System of Engagement - How do we apply these insights to achieve the business goals that we identified as critical when developing our AI strategy?
Quick Wins
When first embarking on this journey, it's often best to look for "quick wins" - initiatives that can be implemented quickly and demonstrate the value of AI to an organisation. Improving the open rate of an email campaign by optimising your messaging is a simple example. Another possibility is to reduce customer churn by improving the customer service experience when returning faulty products.
Choosing small, specific goals like these allows you to demonstrate the value of AI to those you need to bring on board.
Tools can handle the automation of critical but time-consuming tasks like data cleansing and preparation - according to Adobe, data scientists spend an average of 45% of their time on data prep. By automating this work, data experts can instead focus on the high-value tasks associated with extracting and applying insights.
Self-Service AI
Analytics and data science in business were once thought to be an arcane art dictated from on high by expensive and highly-trained data scientists.
Those days are long gone; today, self-service, low-code, and no-code functions are available on integrated AI and ML platforms. As a result, analytics can be "democratised" throughout an organisation. With the right system in place, any member of the marketing team can log in and generate reports tailored to their specific needs, containing the information they require to solve their specific problems. After this, teams can begin to identify additional ways that AI and ML can be used to grow the business and collaborate to make them a reality.
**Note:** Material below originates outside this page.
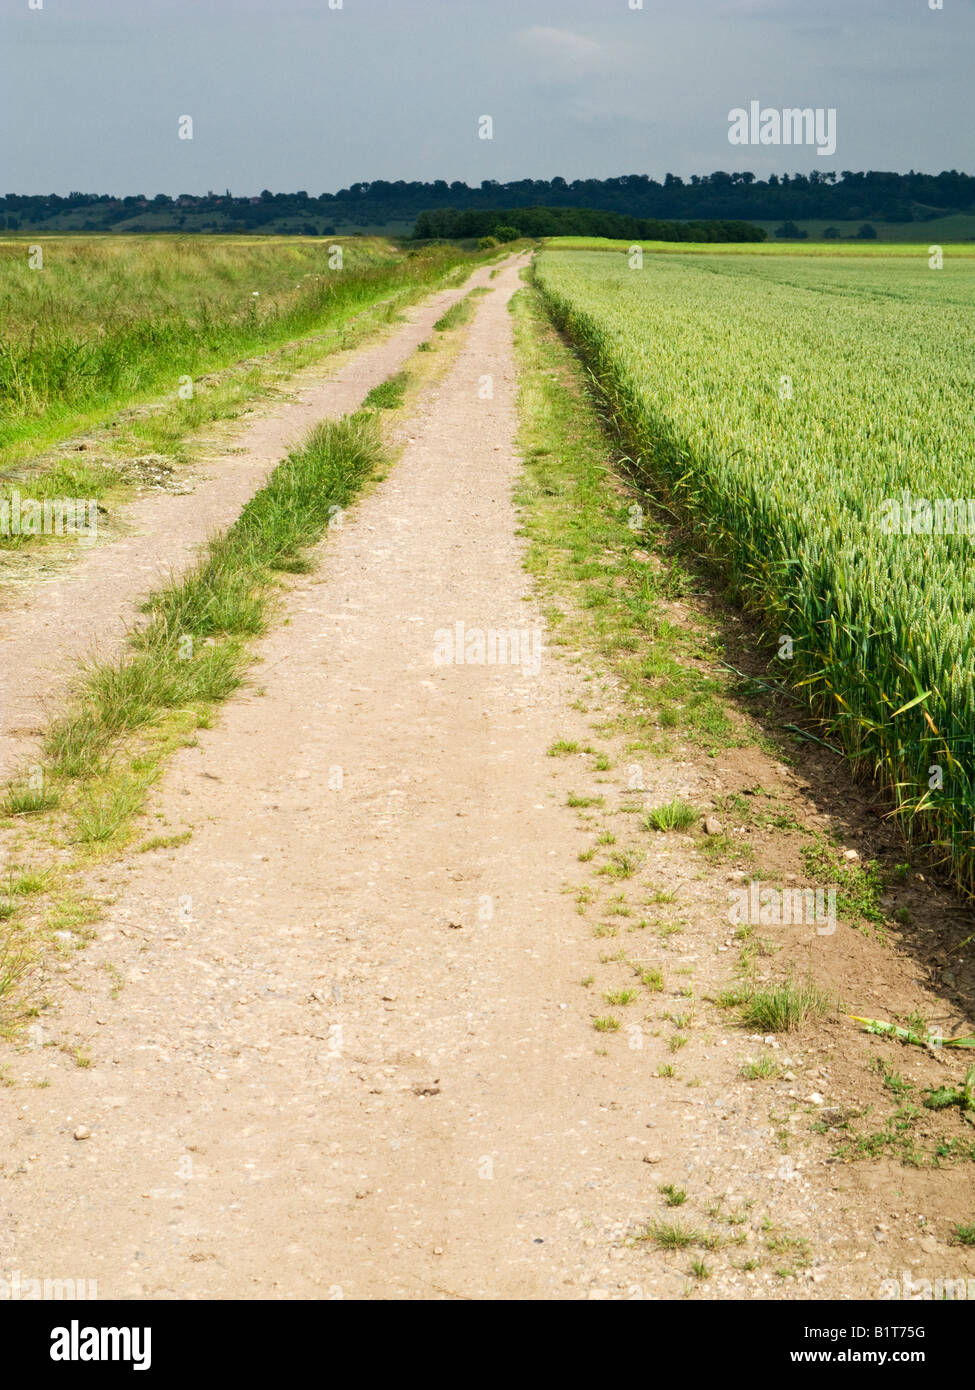 Chemin chemin rural à travers champs de la récolte dans le plat paysage ouvert de l'East Yorkshire, England, UK Banque D'Images

Marketing departments have always been early adopters of new data and technology solutions, as well as trailblazers in putting them to use and demonstrating value. With the new generation of AI-powered data-driven tools and platforms that are emerging today, this trend appears to be continuing.
Understanding the key use cases for analytics in marketing and advertising, as well as developing the ability to align this technology with marketing goals, is the first step towards creating real growth and value.
Beyond that, we've only begun to scratch the surface of what AI will mean for business and society as a whole. However, it is clear that today's marketers have the toolset to ensure that they are leading the way in building the AI-driven organisations of the future.